You learn what works well. When things don’t work well, you know why or you know how to find out. Often, the prompt needs polishing. What’s the best way to get a better prompt? Ask the AI itself. You soon discover that your initial prompt was somehow ambiguous or unclear.
You start improving your prompts, with and without help from AI, to see what works. You adjust your prompt… try it out… the response wasn’t great… adjust it again.
You suddenly realize that this process is really no different from coding and debugging. You have an engineer mindset. You are now a prompt engineer. And you do it all with English, not code.
“The hottest new programming language is English”
Andrej Karpathy, AI Scientist
If prompts are little tools, then they can be shared with others. Once it’s tested and validated, it can go into a central repository for other team members to use. You’re ready to start building your shared prompt library. This makes the “Stage One” team members around you more effective. You’ve improved the AI proficiency of your team.
You discover:
- Every prompt is just a draft. It’s not done until AI improves it.

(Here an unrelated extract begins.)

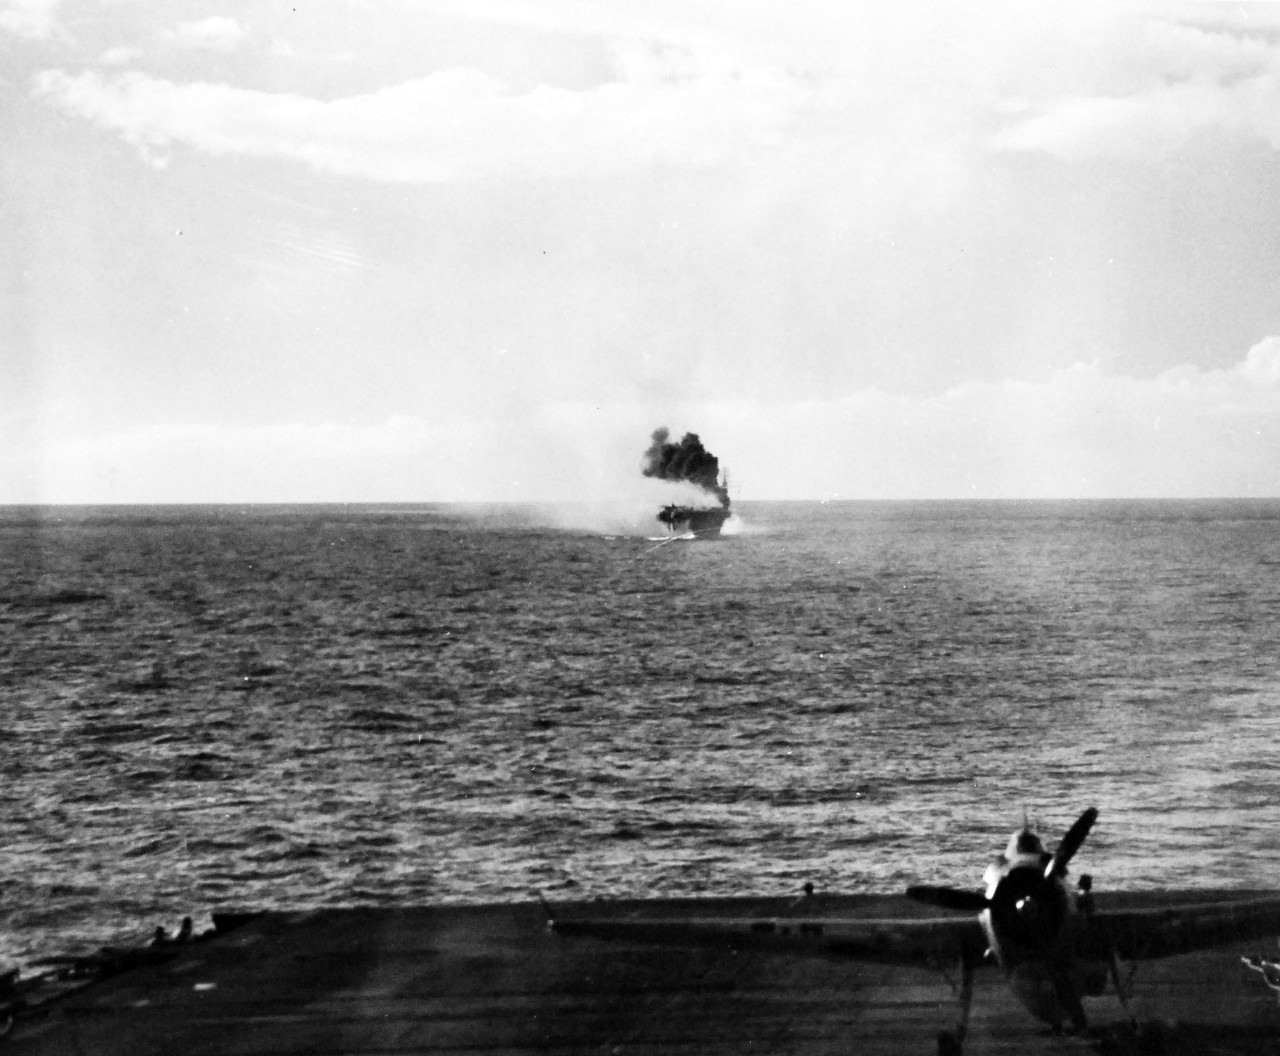 80-G-270626:   USS Suwannee (CVE-27), October 25, 1944.  Fires and explosion on USS Suwannee (CVE-27) resulting from a suicide hit of a Japanese “Zero” near Leyte Gulf, Philippines, taken from USS Sangamon (CVE-25).  Official U.S. Navy photograph, now in the collections of the National Archives.

- You need a shared prompt library to manage these prompts. But any tool will do: Google Drive, Evernote, Notion, whatever.
- You can give someone a powerful prompt but they still might not use it. Tech changes fast. Humans change slowly.
Tips for Prompt Engineers:
To improve any prompt prior to making an official prompt for your library, ask AI to improve it first. This codifies the prompt, improving the structure and clarity and making it more reusable.
Use this “Prompt Improvement Prompt”
Improve this prompt for clarity, consistency, and reusability. Your task is to revise the draft below so it performs reliably across different use cases. Focus on tightening the language, improving structure, and removing ambiguity. The final version should be easy for others to reuse.
[Paste draft prompt]
Here is one of my content strategy prompts, before and after I asked AI to revise it.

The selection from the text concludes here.